Di saat dokter memvonis bahwa kemungkinan besar dia tidak akan pernah bisa memiliki anak lagi, Darwis justru tengah merayakan kabar kehamilan sang kakak.
Tiga tahun pernikahan. Segala cinta, pengorbanan, dan ketulusannya ternyata tak lebih dari sebuah lelucon.
Dengan hati yang hancur, Nikita menyerahkan surat gugatan cerai dengan tenang. Dia memilih menyembunyikan penyakitnya, tak berniat memberi siapa pun kesempatan untuk kembali menyakitinya.
Darwis langsung melemparkan surat itu ke tempat sampah. "Kamu bahkan belum melahirkan pewaris untuk Keluarga Susanto. Kamu nggak berhak mengajukan cerai."
Nikita menatapnya dengan tenang. "Bagaimana kalau harga yang harus kubayar untuk memiliki anak adalah nyawaku sendiri?"
Tanpa mengangkat kepala sedikit pun, Darwis menjawab, "Kalau begitu, kamu mati saja."
Saat itu juga, seluruh harapannya benar-benar sirna.
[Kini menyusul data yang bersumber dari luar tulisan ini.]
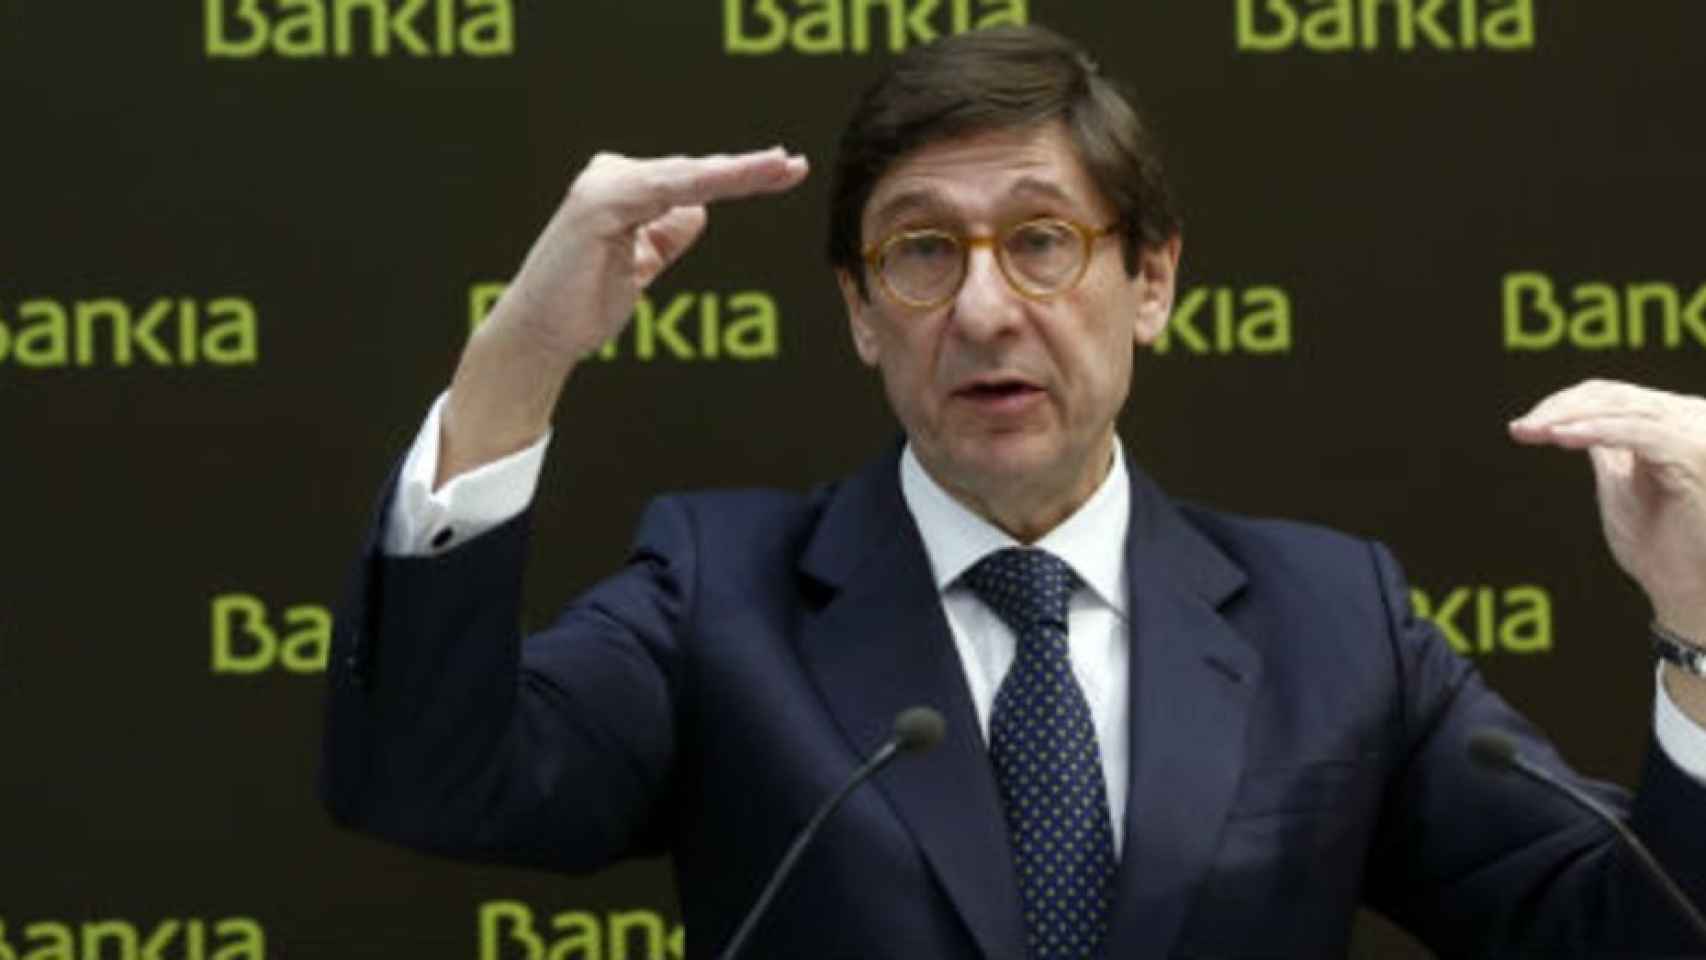 Los bajistas superan el 21% en Dia y escalan a máximos en Bankia

Belakangan, penyakit yang selama ini dia sembunyikan akhirnya terungkap. Namun, Nikita telah menghilang tanpa jejak. Ketika namanya kembali terdengar, dia telah bangkit di dunia riset dan menjadi sosok legendaris yang disegani semua orang.
Sebaliknya, diplomat yang selama ini dikenal dingin dan tak tersentuh itu justru mencari Nikita hingga ke berbagai penjuru dunia. Dengan mata memerah, Darwis berlutut di hadapannya. "Niki ... aku akan menukar nyawaku dengan nyawamu. Jangan tinggalkan aku ... boleh?"
Nikita hanya tersenyum tipis, lalu mengembalikan ucapan yang dulu pernah dia terima. "Pak Darwis ... kalau begitu, kamu mati saja."